IT was troubling to read Home Minister Datuk Seri Hishammuddin Hussein’s reasons for the release of eight immigration officers detained without trial under the Internal Security Act (ISA). Hishammuddin said he decided to release the eight, detained “in connection” with human trafficking activities, because they showed “remorse” over their mistakes. He also considered their wishes to be with their families during Ramadan and the fact that they had “promised never to do it again in the future”.

Hishammuddin had said earlier that the eight were detained to “protect the nation’s safety and stability”. Correct me if I’m wrong, but I’ve heard of few justice systems where those who supposedly jeopardise national security are released because they said “sorry” and wanted to go home to their families. I mean, even petty thieves don’t get released just by promising not to do it again, do they? Which leaves me wondering — what crimes did the eight supposedly commit in the first place? And if they were such a danger to national security, why weren’t they charged in court instead of being detained at the home minister’s discretion under the ISA for nine months?

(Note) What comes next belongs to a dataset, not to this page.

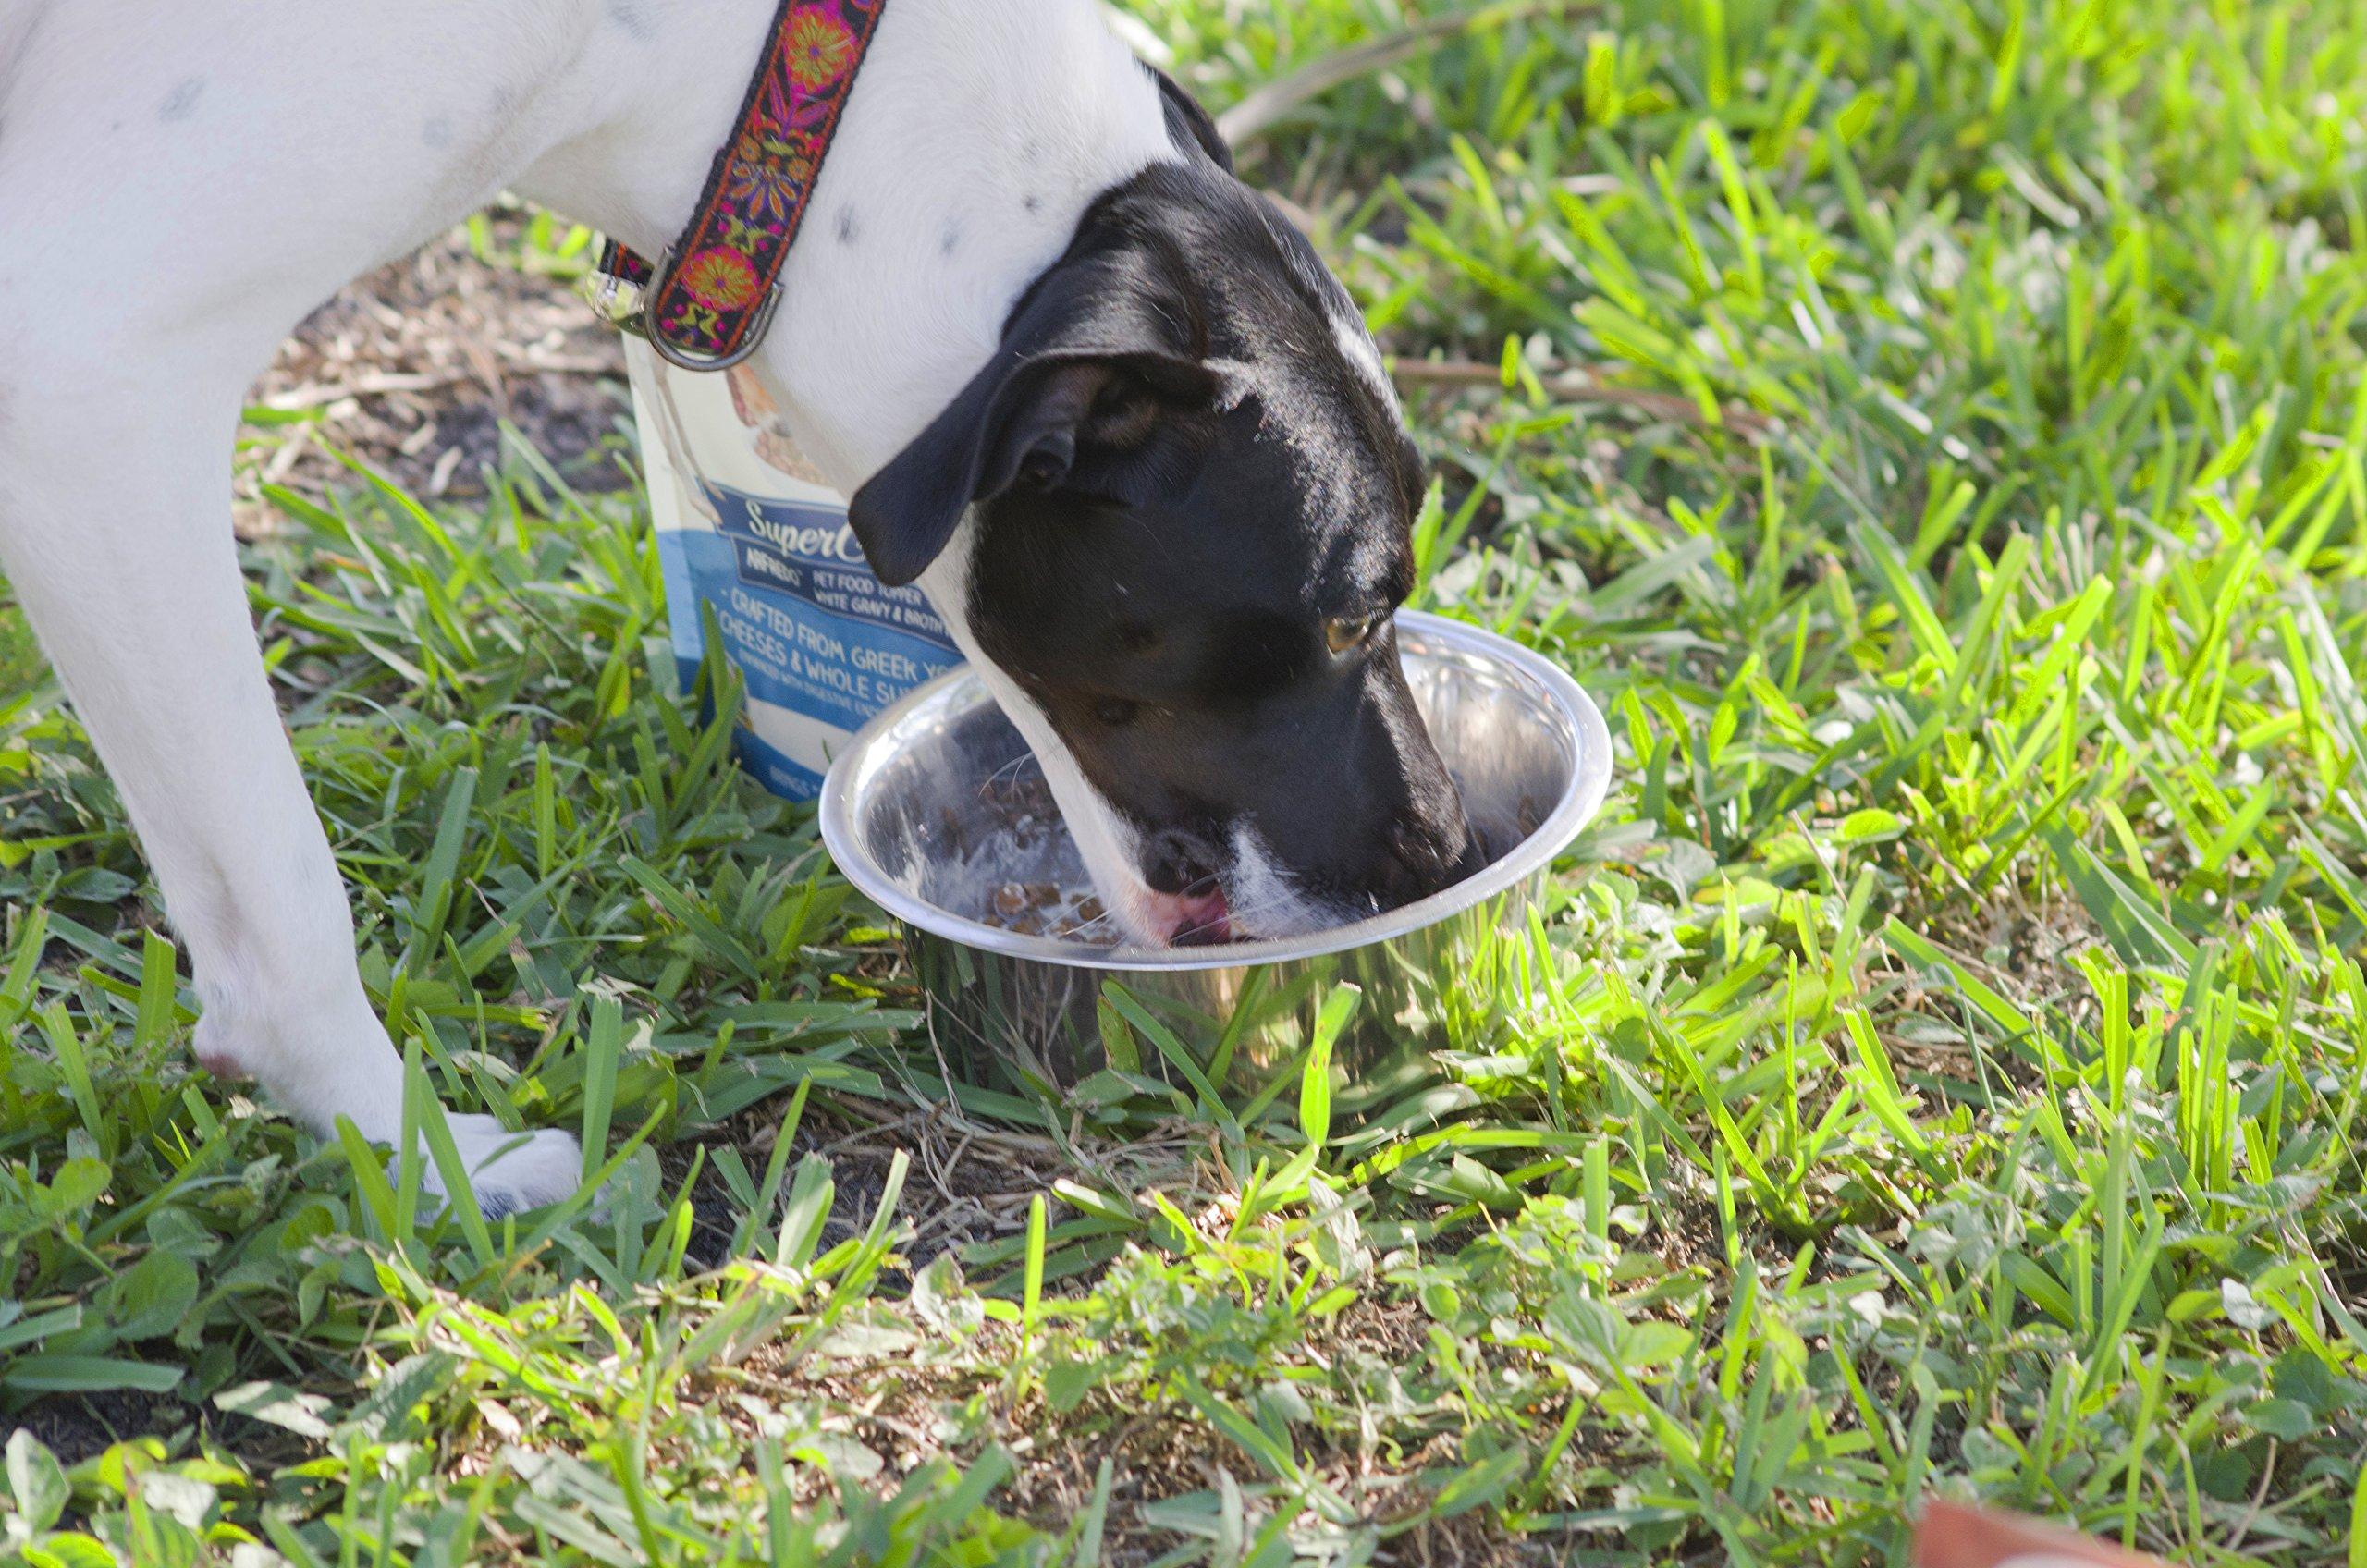 SuperGravy Bundle - Natural Dog Food Gravy Topper - Hydration Broth Food Mix - Human Grade – Kibble Seasoning for Picky Eaters – Gluten Free & Grain Free 6

All this just highlights, once again, the arbitrariness of Malaysia’s laws — where the home minister has wide and sweeping powers to detain or release “suspects”, solely upon his or her judgment. It also highlights our government’s poor commitment to upholding human rights, no matter what our leaders may tell their counterparts overseas.

Rights, not luxuries



Comments like Hishammuddin’s also make me question whether our government views human rights as rights, rather than luxuries. Viewing them as rights means acknowledging that every human being needs these rights upheld to survive and to live a dignified existence. Viewing them as luxuries means that they are optional, to be dished out when it suits the government’s fancy or perhaps when politically expedient.

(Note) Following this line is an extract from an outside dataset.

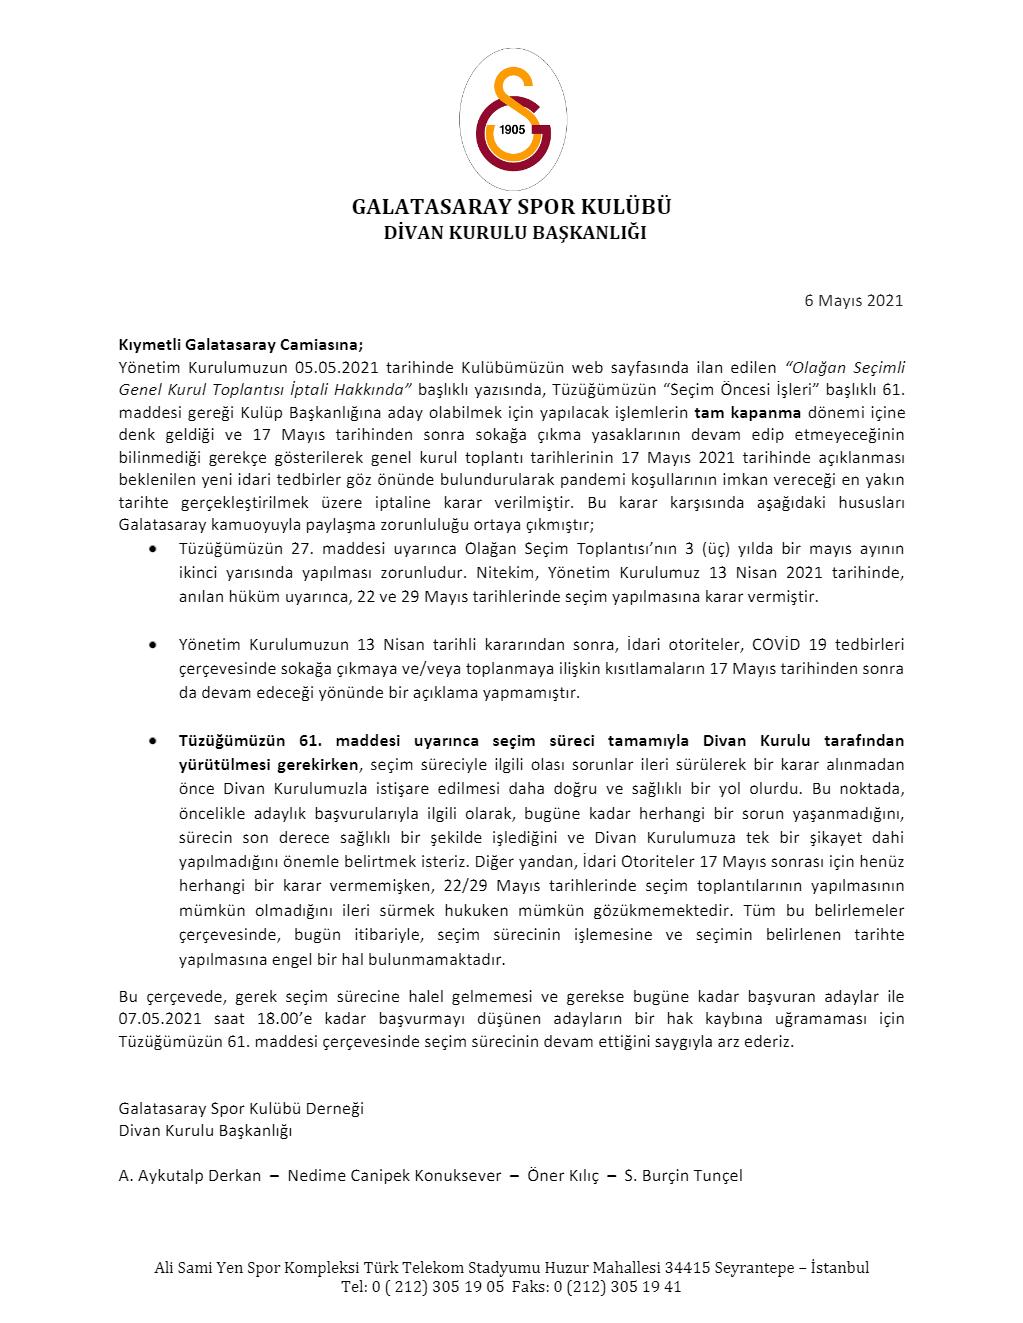 Galatasaray Divan Kurulu seçim süreci

Take Hishammuddin’s statements when signing the recent refugee swap deal with Australia, where Malaysia agreed to accept 800 unprocessed asylum seekers from Australia in return for Australia accepting 4,000 confirmed refugees from Malaysia. The deal came under tremendous criticism from local and international organisations as Malaysia is not a party to the United Nations (UN) refugee convention. Therefore, we do not officially recognise the legal status of refugees present in this country.

When queried on Malaysia’s non-ratification of the convention, Hishammuddin reportedly said this: “Malaysia is not signatory to the UN refugee convention because it cannot afford to give access to education, work, shelter and food to the refugees.” Hishammuddin however gave assurances that the 800 asylum seekers from Australia would have access to jobs, education and healthcare.

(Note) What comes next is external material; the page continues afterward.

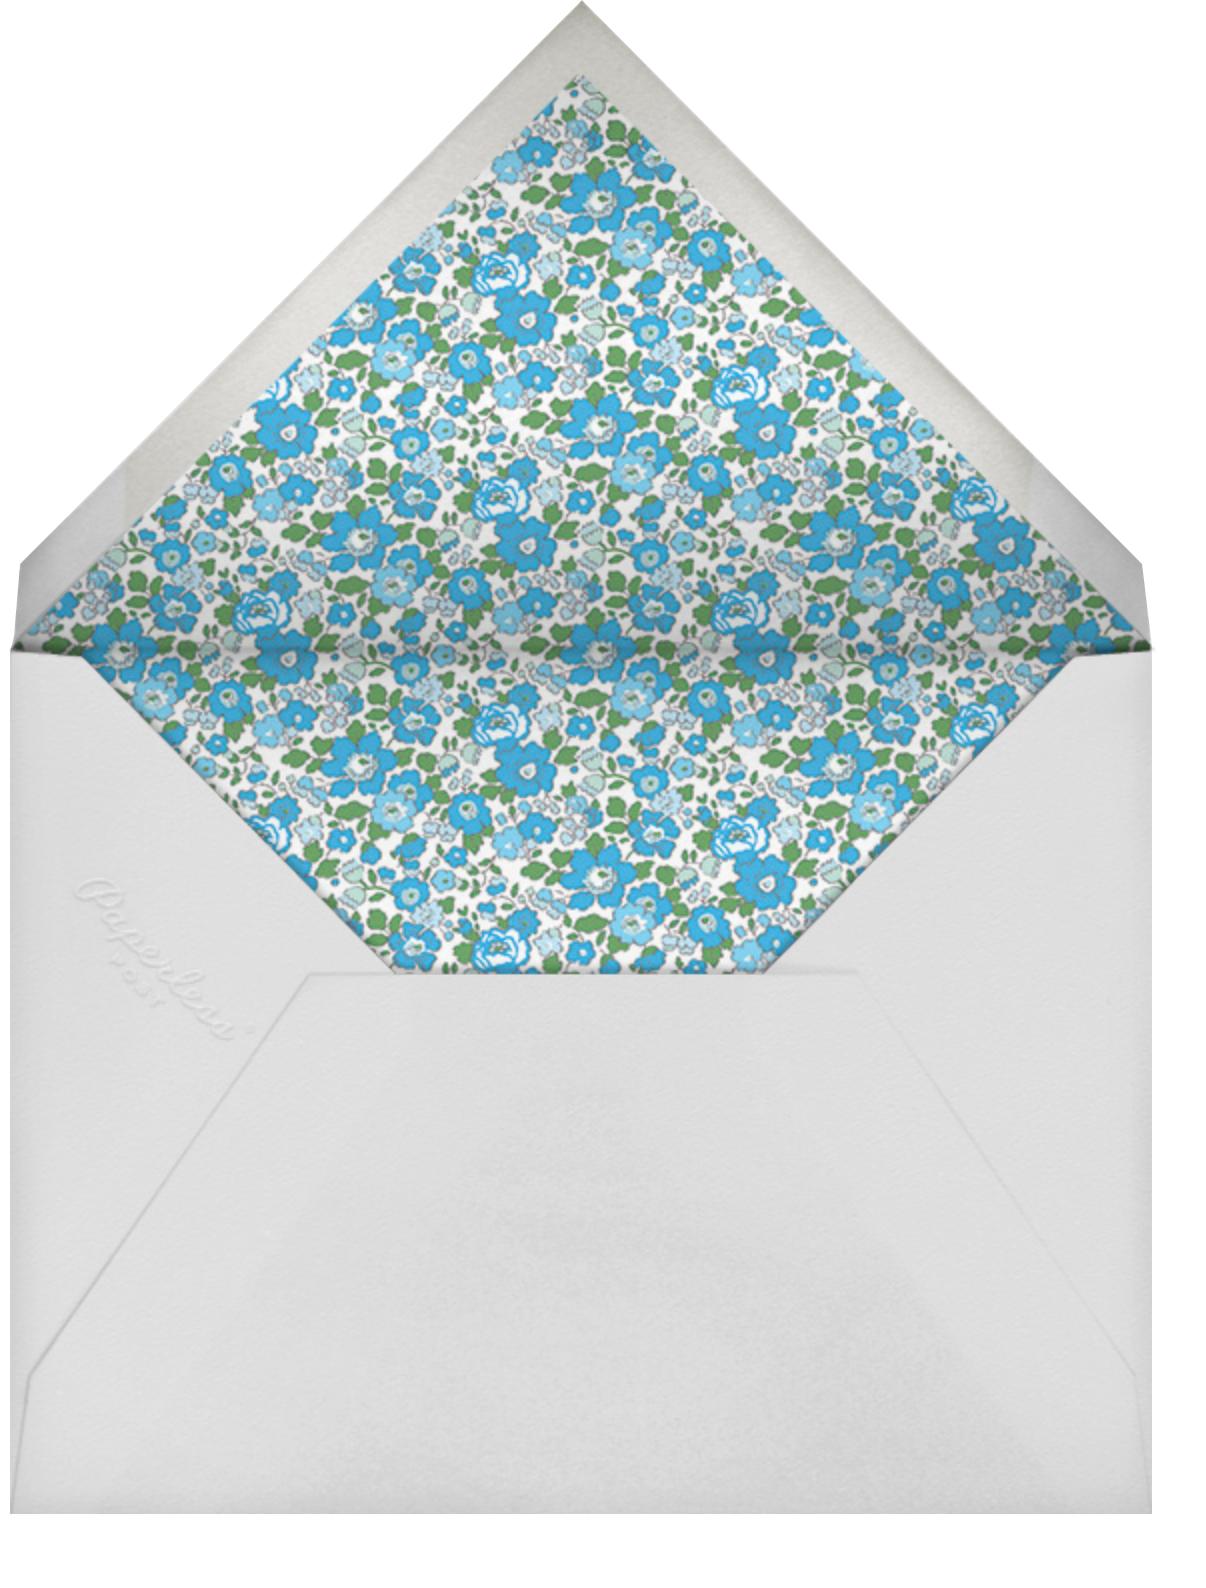 Betsy (Horizontal) - Capri - Liberty - Liberty Fabrics - envelope back

What our home minister is saying is, in effect: The Malaysian government would like the option of continuing to deny refugees within our shores a right to basic needs but from time to time, we may choose to provide some of them with some of these needs.


Human rights?

Human rights?

It appears that our government likes having choices when it comes to whether or not it should uphold human rights.

For example, it has certainly demonstrated its commitment to imposing its choice on the human right to assemble peacefully. The government has refused to repeal the requirement under the Police Act for gatherings of more than three to obtain police permits, a long-standing recommendation by the Malaysian Human Rights Commission (Suhakam) and civil society groups.

Our government also seems to relish having a choice over what people may print and read by retaining and consistently using the Printing Presses and Publications Act. The Act requires all print media to obtain an annual license to operate legally. Recently, it exercised this choice by blacking out parts of an article in The Economist referring to the Bersih 2.0 rally.

It also retains its choice over whether or not people may associate freely by maintaining the Societies Act, which allows the Registrar of Societies to declare organisations illegal, as they have done to Bersih 2.0.

And it has also maintained its choice over whether people have access to a fair trial upon arrest, with the continued existence and use of laws such as the ISA and the Emergency Ordinance (Public Order and Prevention of Crime).

Too many choices

These are choices that no government should have. Governments should not have a choice about whether people can be locked  up indefinitely without trial, can express themselves peaceably, have access to basic needs or print or read a newspaper.

Would governments want these choices? Sure, which government wouldn’t want more power, if given the chance? Which government would voluntarily tie its own hands by repealing laws that grant it more choices and require less commitment to human rights?

Over two years later…

A new government, perhaps — anxious to please its electorate and prove its ability to govern, such as the Selangor government’s action in passing the Freedom of Information Enactment Bill in April 2011. Or a government headed by a new prime minister, anxious to shore up public support. For example, when Prime Minister Datuk Seri Najib Razak assumed office in April 2009, he said the ISA would be reviewed (although this has yet to be done).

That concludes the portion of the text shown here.